RU2704491C1 - Synchronous electric motor with magnetic reduction - Google Patents

Abstract

FIELD: electrical engineering.

SUBSTANCE: invention relates to electrical engineering, namely to synchronous motors with excitation from permanent magnets. Synchronous motor with magnetic reduction includes housing 1 and bearing shields 2, 3. Rings 4, 5 of stator magnetic conductor are installed on them. On rings 4, 5 there are twelve teeth 6, 7 with crowns and coils 8, 9. Four permanent magnets 10 are installed on bushing 11 of rotor of fast rotation. Stator discs 14, 15 are secured on stator sleeves 12, 13. Slow rotation rotor disks 18, 19 are fitted on bushings 16, 17. Stator discs 14, 15 and slow rotation rotor disks 18, 19 have ferromagnetic and non-magnetic elements in the form of sectors. On end surfaces of teeth 6, 7 there are protrusions, angular position of which coincides with position of ferromagnetic elements of stator discs. Shaft 20 rests on bearings 21, 22. They are installed in bearing shields 2, 3. Rotor of fast rotation rests on bearing 23 installed in the middle on shaft 20. Amount of ferromagnetic elements on stator disc z_c and on rotor disk z_p are related by equality z_p=z_c±2p, where p is number of pole pairs of stator winding. With number of stator teeth z=6p and making coils around two adjacent teeth creating spatial harmonics of MMF along gap without even harmonics, synchronous motor with improved energy indices is obtained.

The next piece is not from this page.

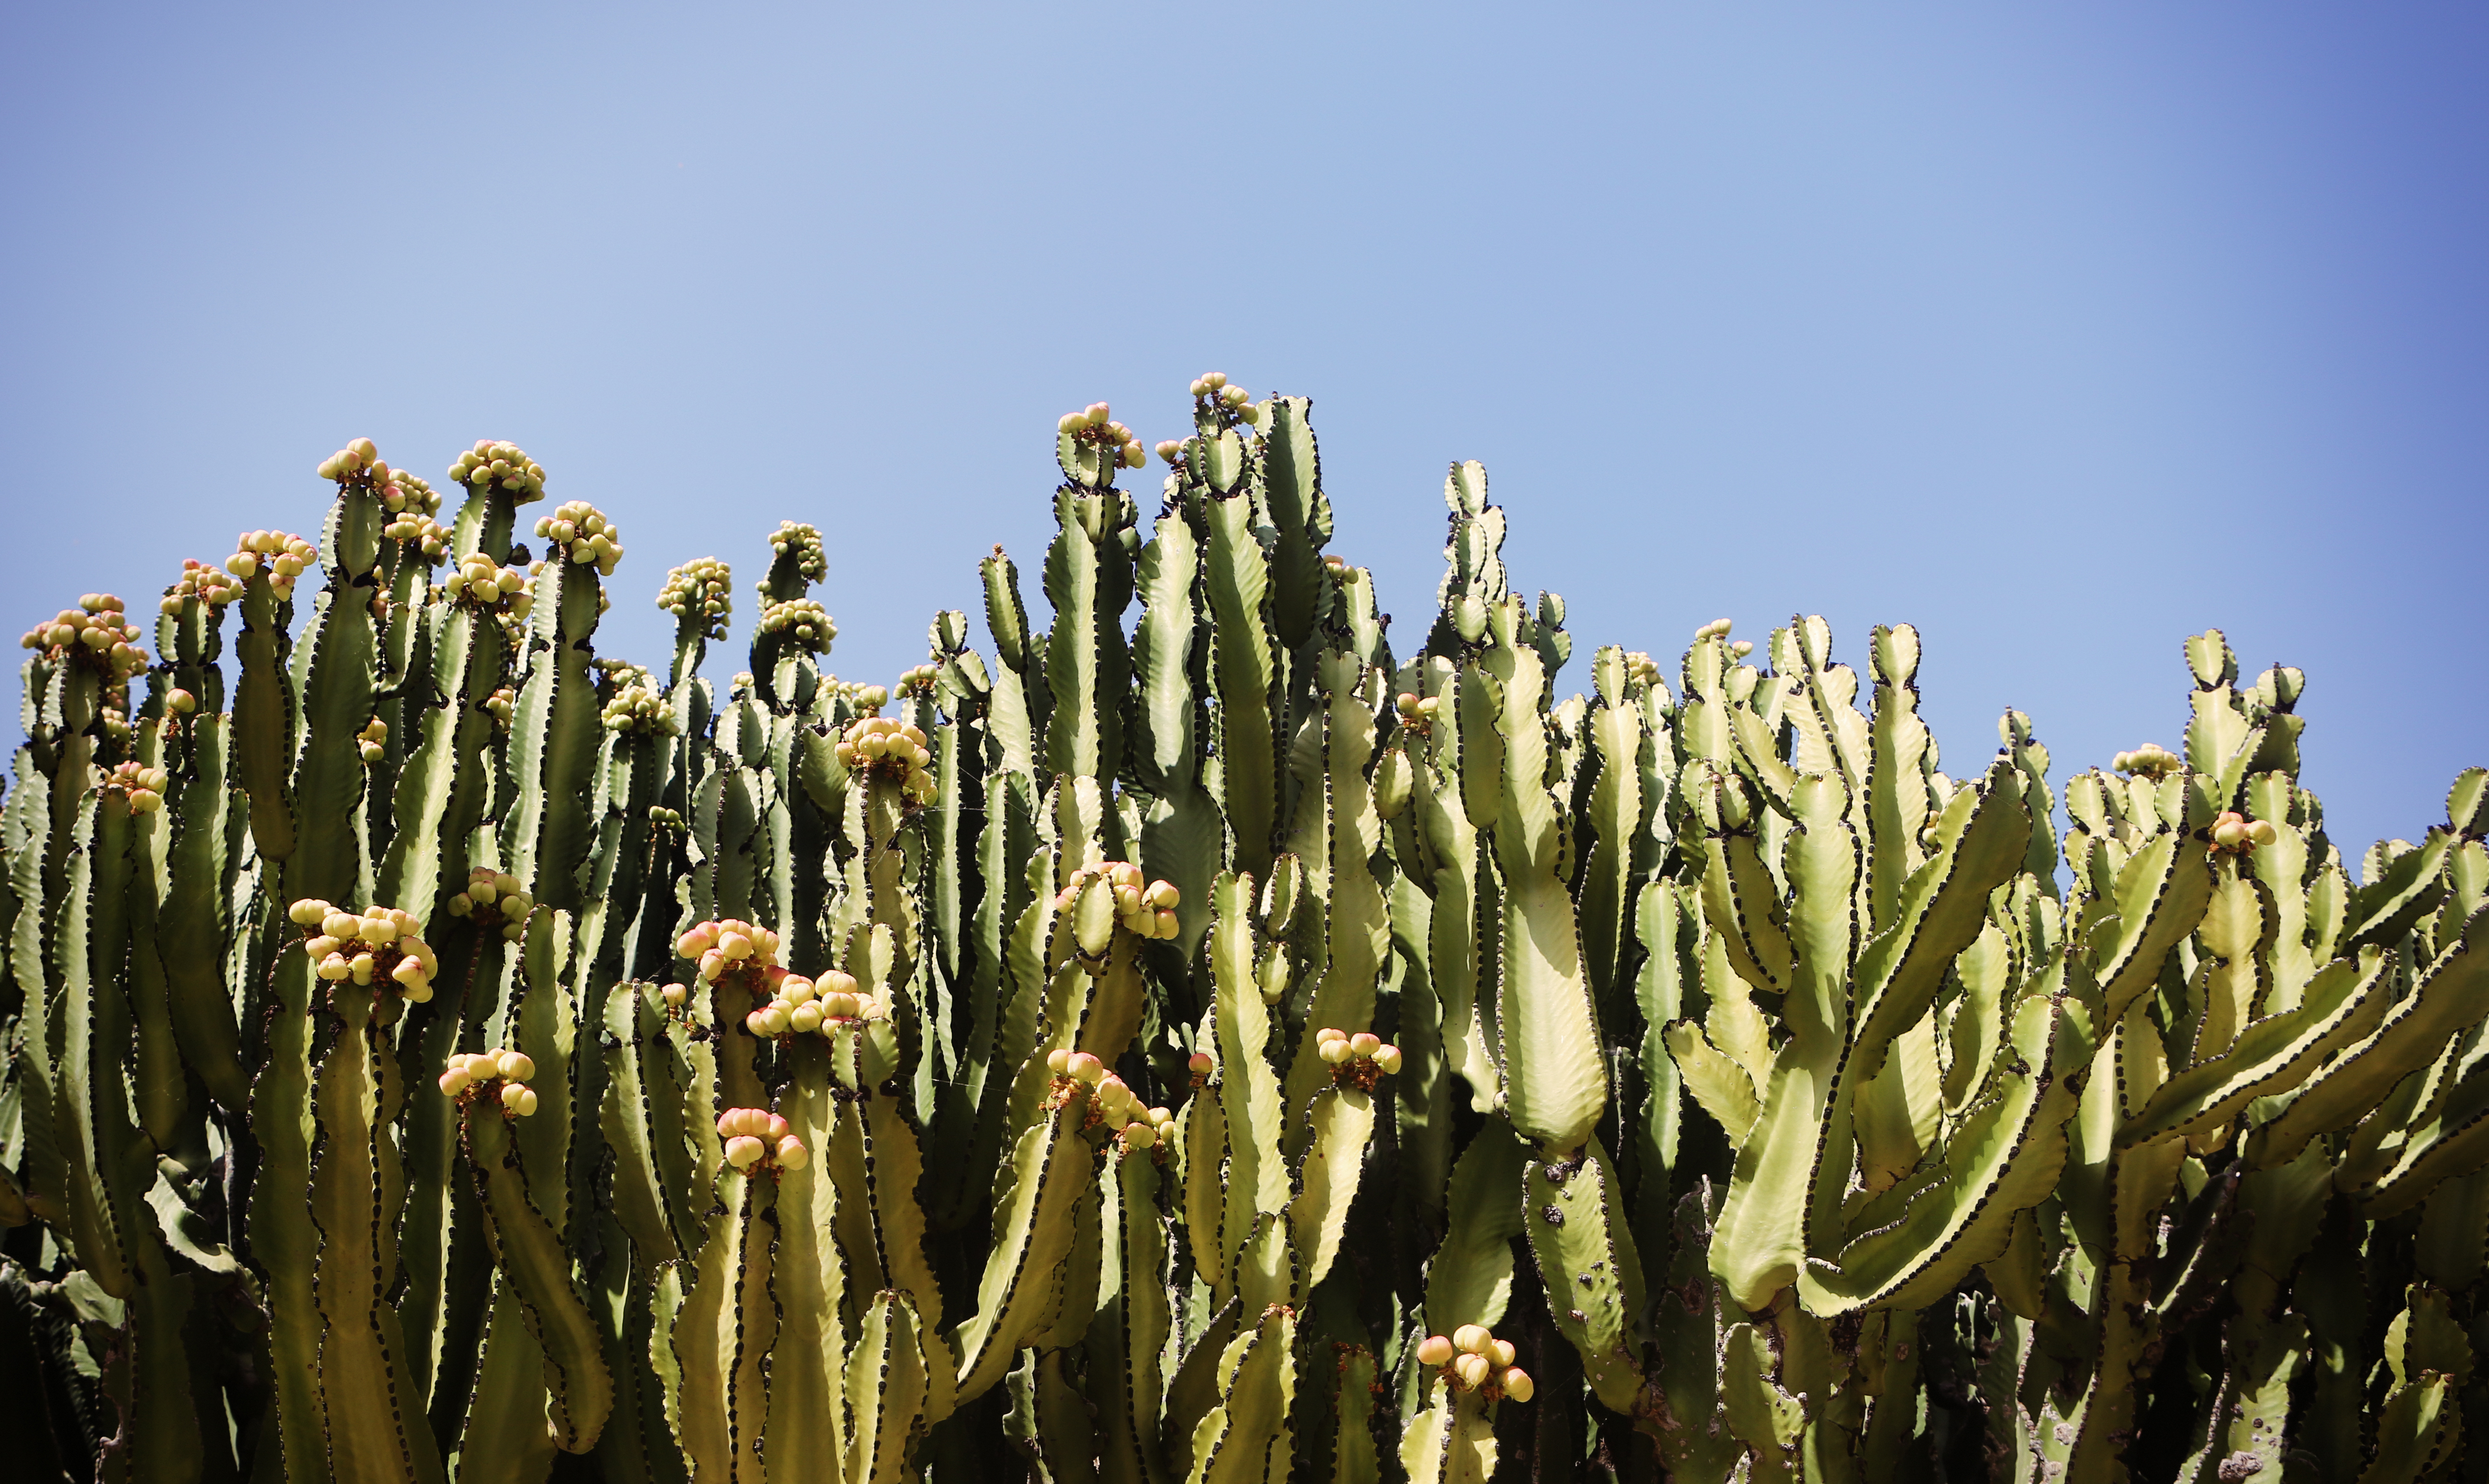 Cactus - Free Stock Photos | Life of Pix

EFFECT: improvement of power characteristics of synchronous electric motor.

1 cl, 7 dwg

Description

The invention relates to electric machines, and in particular to synchronous motors with excitation from permanent magnets, and can be used as a compact unit "motor-reducer" in mechanical systems with a long service life under shock loads, for use, for example, as a motor wheels of environmentally friendly cars.

A technical solution according to the patent of the Russian Federation No. 2375806 is known. The essence is that the synchronous electric motor has a housing, a stator package with teeth and with a multiphase winding, a shaft, alternating coaxial hollow cylinders of the rotor and stator, consisting of ferromagnetic and non-magnetic elements located along the axis of rotation, and the rotor cylinders are mechanically connected to the rotor, and the stator cylinders - with a housing, while the teeth and ferromagnetic elements of the stator cylinders, as well as the teeth of the magnetic circuit and the ferromagnetic elements of the rotor cylinders have their same angular positions. A second stator package was introduced in the form of a hollow cylinder with teeth on its inner surface, located outside of the hollow cylinders, a shaft with a fast rotation rotor containing highly coercive permanent magnets in the form of rectangular parallelepipeds located radially, tangentially and counter magnetized, wedge-shaped pole tips located between hollow cylinders and a stator package with a multiphase winding having a reversed design.

The disadvantage is the design complexity and limited rotation speed due to the cantilever arrangement of the hollow cylinders, as well as the low reliability of work on a moving base.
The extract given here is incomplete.